High court sets hearing for civil appointments (PHOTO SLIDESHOW)

The Wisconsin Supreme Court debates a volunteer State Bar Association during an Open Administrative Conference on Wednesday at the state Capitol in Madison. (Staff photo by Kevin Harnack)
The Wisconsin Supreme Court debates a voluntary State Bar association during an Open Administrative Conference on Wednesday at the state Capitol in Madison. (Staff photo by Kevin Harnack)

The Wisconsin Supreme Court is weighing the value of requiring attorney appointments in most civil cases in circuit court.

Those appointments could cost as much as $56 million annually.

The court voted unanimously Wednesday to schedule a public hearing in fall on the petition, which attorney John Ebbott submitted Sept. 30.

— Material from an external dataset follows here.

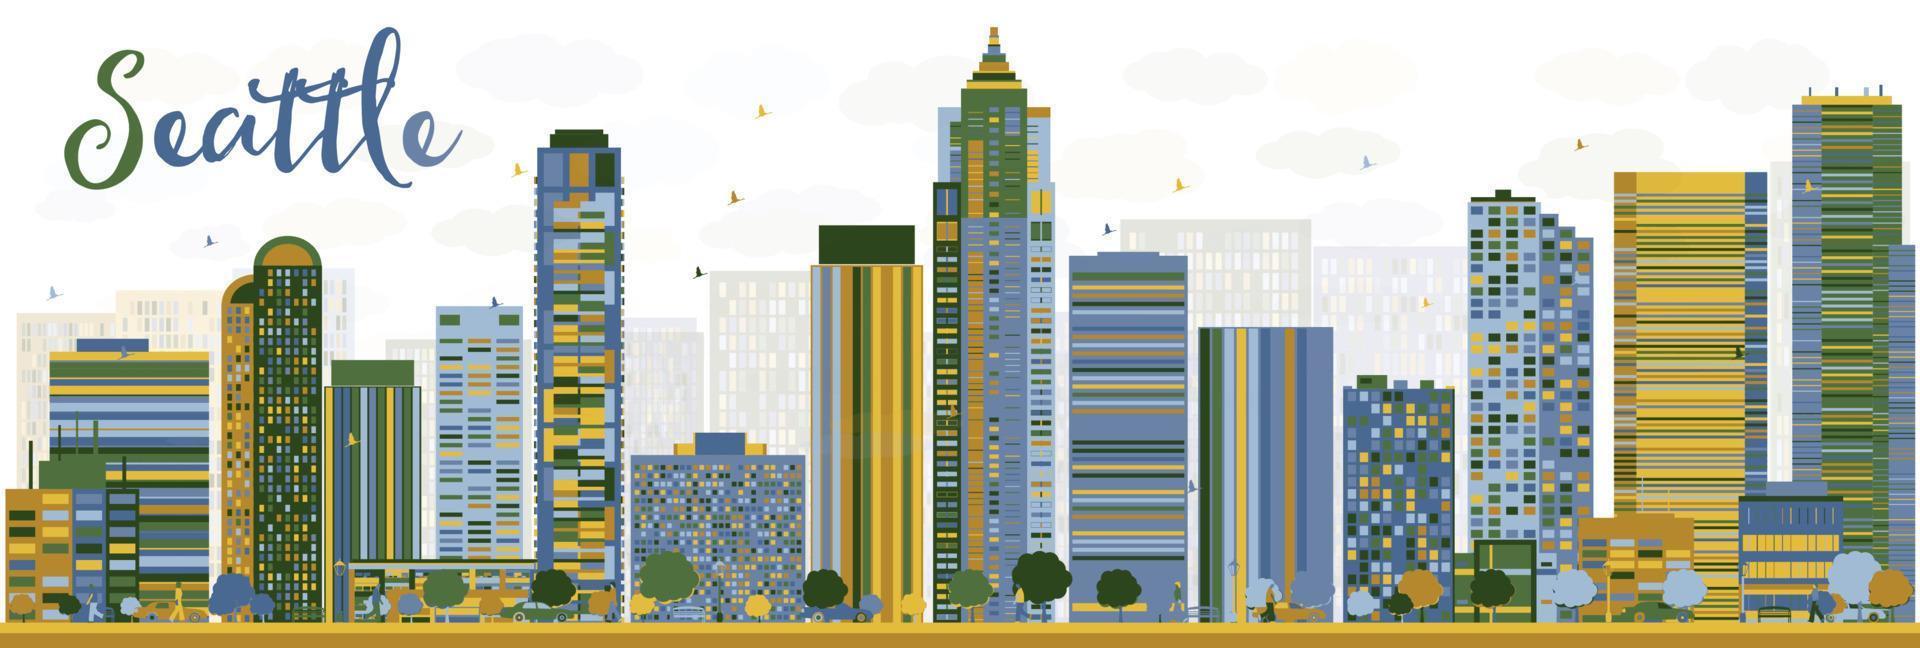 abstrakt seattle stadssilhuett med färg byggnader vektor

Ebbott said he was pleased the court decided to take up the petition, but acknowledged the significant cost associated with implementing the proposal could be a tough sell to the court, which would have to work with the Legislature to approve the money.

But he plans to put the amount in perspective at the public hearing.

“It is two-tenths of one percent of the entire state budget,” Ebbott said.

“This seems pretty vanilla,” said Justice Michael Gableman of the decision to move forward with a hearing.

According to the petition, the court would amend Supreme Court Rule 11.02 and establish criteria for court-appointed counsel at public expense for indigent litigants, who are defined as having an income below 200 percent of the federal poverty guidelines.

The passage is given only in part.